[SOLVED] Which encoding by DOMParsing (Antisamy)

Which encoding by DOMParsing (Antisamy)

I'm using antisamy for a new project, to prevent the xss vunerabilities. In the application, a user can upload content by an simple (ansi encoded) excel file. It should be possible to insert some html but no possible insert javascript and so on.

when I scan my input with antisamy, i get this errors: The a tag contained an attribute that we could not process. The href attribute had a value of "https& # 5 8 ;& # 4 7 ;& # 4 7 ;bla& # 4 6 ;bla& # 4 6 ;com& # 4 7 ;bla& # 4 7 ;...". This value could not be accepted for security reasons.
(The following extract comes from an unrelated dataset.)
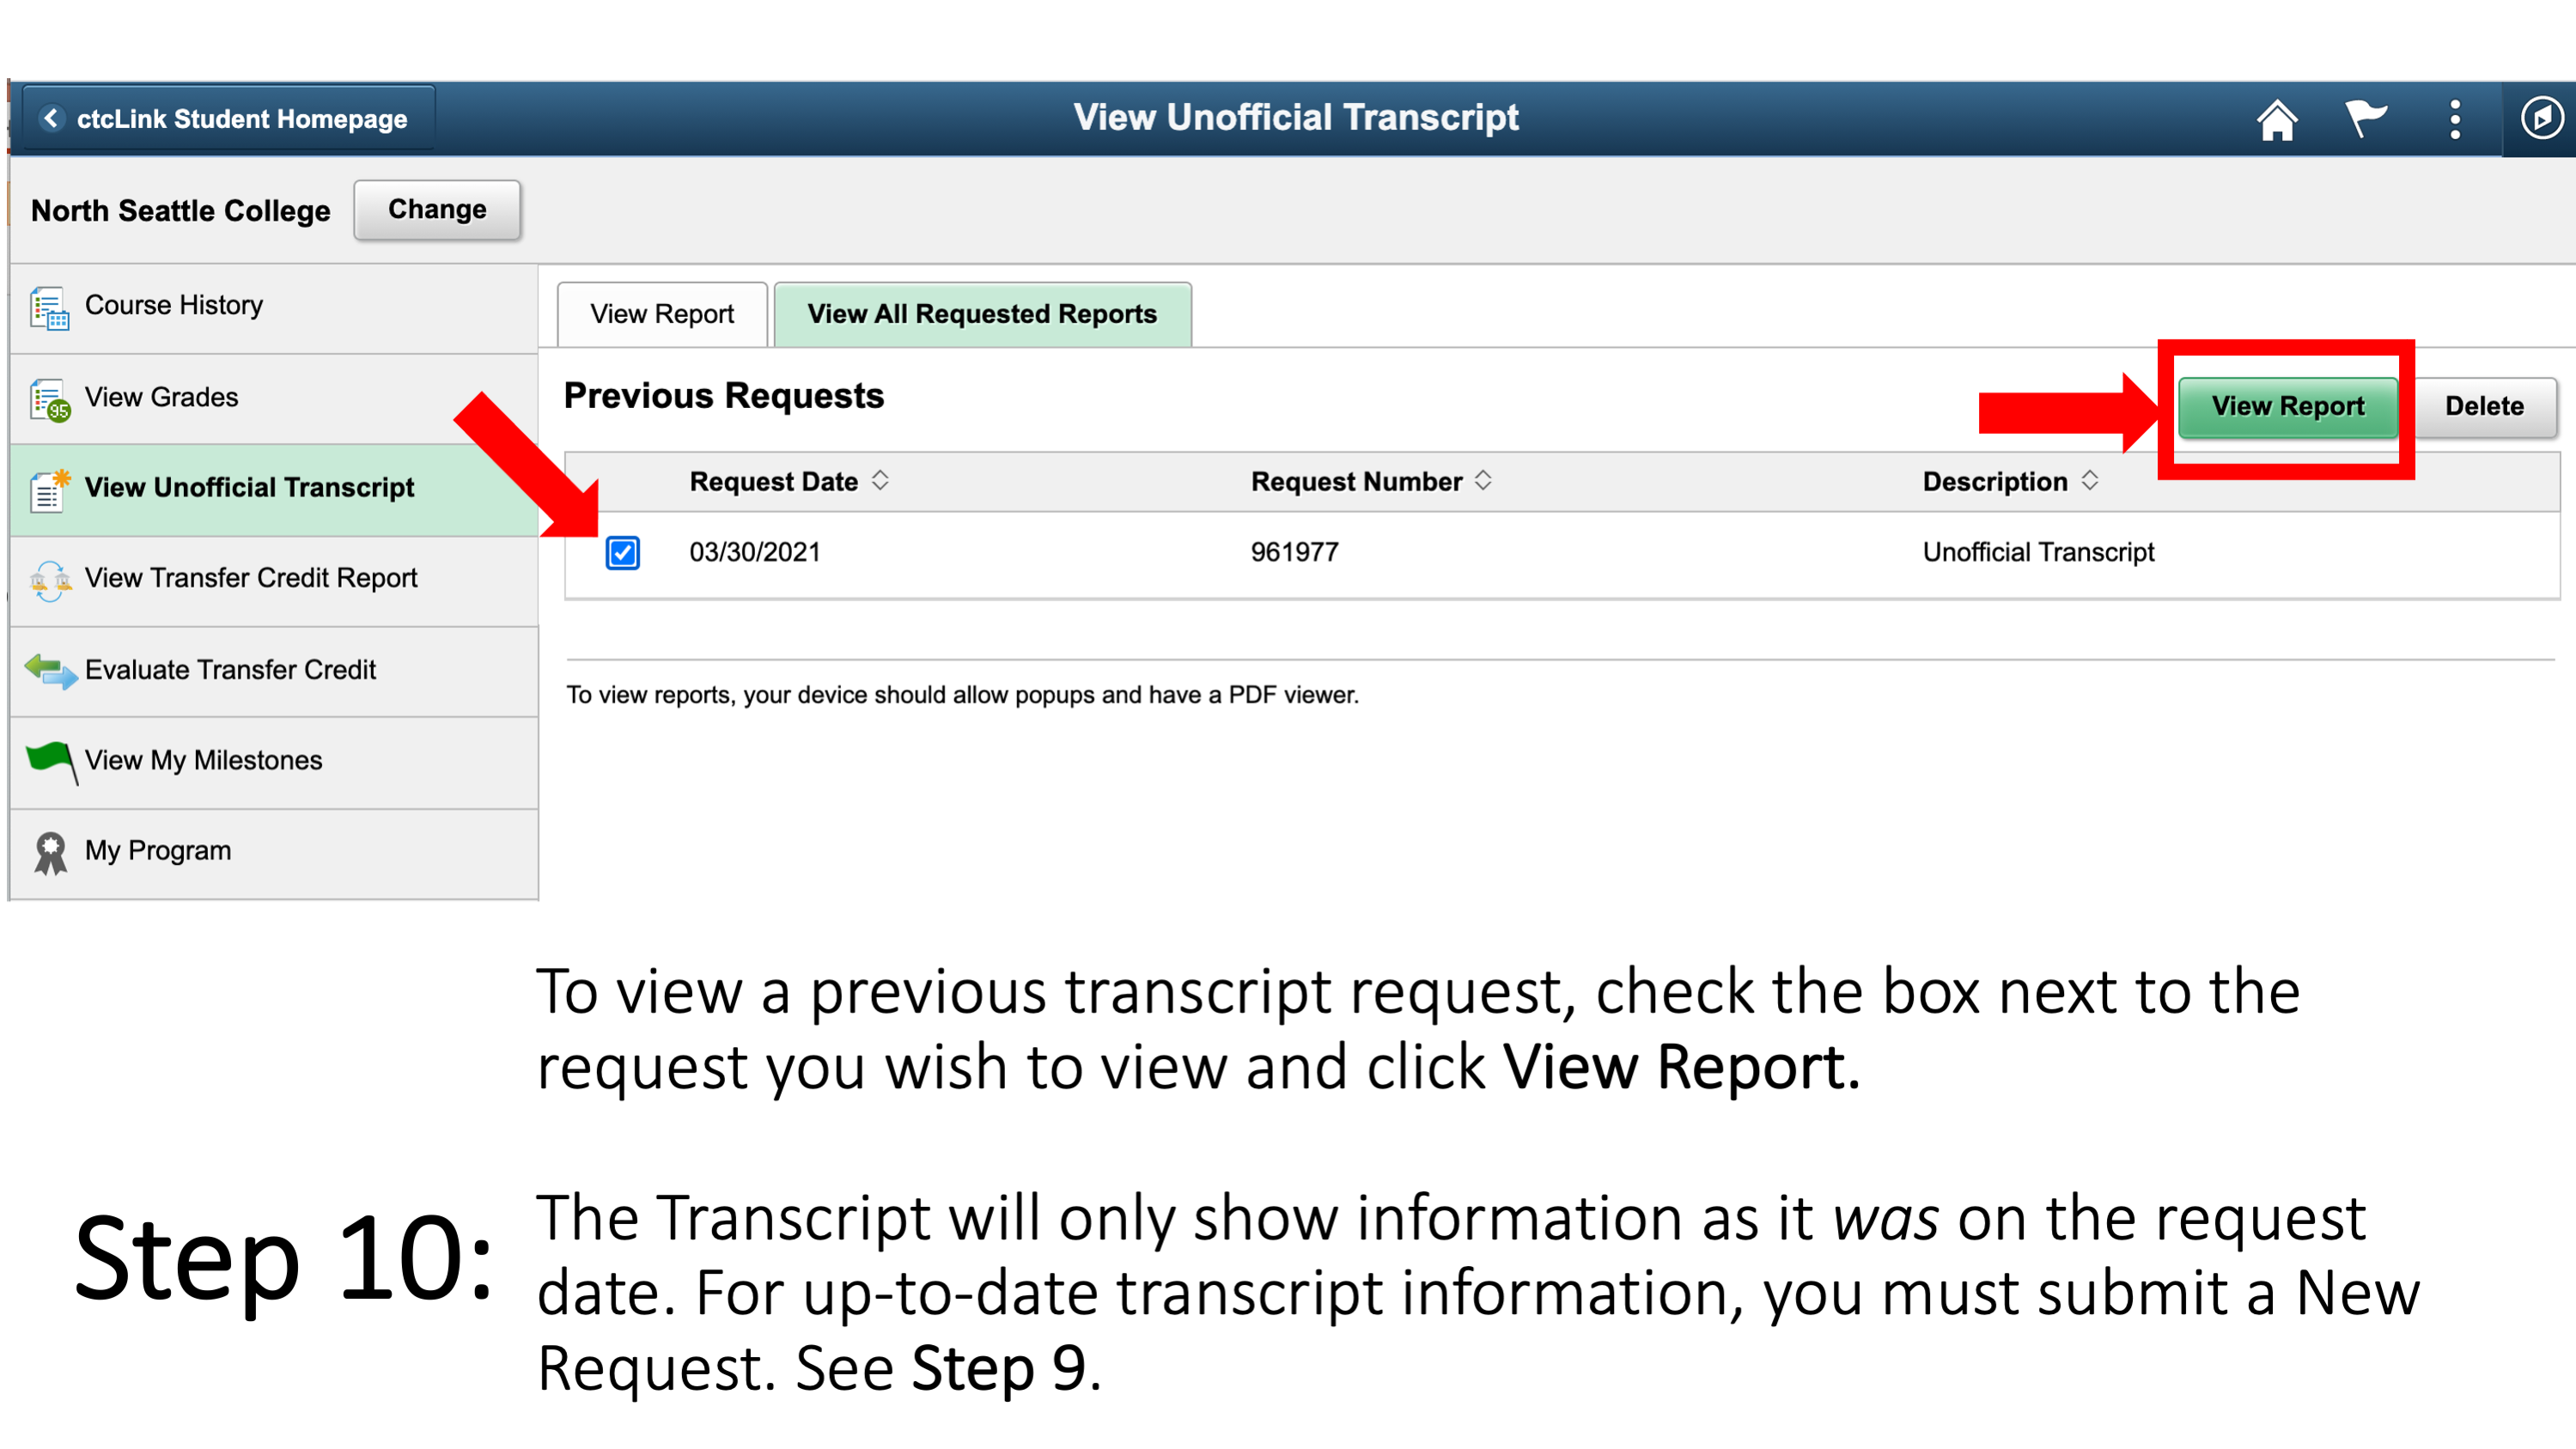 Step 10: To view a previous transcript request, check the box next to the request you wish to view and click View Report. The Transcript will only show information as it was on the request date. For up-to-date transcript information, you must submit a New Request. See Step 9.

We have chosen to filter the a tag in order to continue processing the input.

I added some spaces in the entities, that you can see it.

(But it should be like https://bla.bla.com/bla/...)

When i debug thru the code, the 'tainted Html input' and its href attribute seems to be right (so there is no problem with encoding of the excel file).

The antisamy-policy file looks like this:

...
<regexp name="onsiteURL" value="([\w\\/\.\?=&amp;;#-~]+|#(\w)+)"/>
<regexp name="offsiteURL" value="(\s)*((ht|f)tp(s?)://|mailto:)[A-Za-z0-9]+[~a-zA-Z0-9-_\.@#$%&amp;;:,\?=/\+!]*(\s)*"/>
...
<attribute name="href">
  <regexp-list>
    <regexp name="onsiteURL"/>
    <regexp name="offsiteURL"/>
  </regexp-list>
  <literal-list>
    <literal value="javascript:void(0)"/>
  </literal-list>
</attribute>
...

I also tested the regex pattern and as i thought the link was valid. Of course not, when it's encoded by html entities.

So what's the problem?

Thanks a lot in advance

I debugged thru the AntiSamy Code a bit and now I see the problem, but I sill can't fix the problem. The htmlentities were added by antisamy AFTER validation (if I would print it on an HTML page..). But my input will be parsed by org.cyberneko.html.parsers.DOMFragmentParser in the AntiSamy library with this statement: parser.parse(new InputSource(new StringReader(html)), dom); in my a tag the href attribute contains now something like this: https://bla.bla.com/bla?frame=Frameset[undefinable character]lang=en insted of https://bla.bla.com/bla?frame=Frameset&lang=en

So it seems to be an encoding problem, that the ampersand will not be an ampersand anymore. How could find out, which encoding i should use?

Edit: The character is E2 8C A9 -> ⟨

Solution

I've done a little workaround by replacing the "&" with "&amp ;". I don't know why, but it works. And this is the only character which doesn't work properly.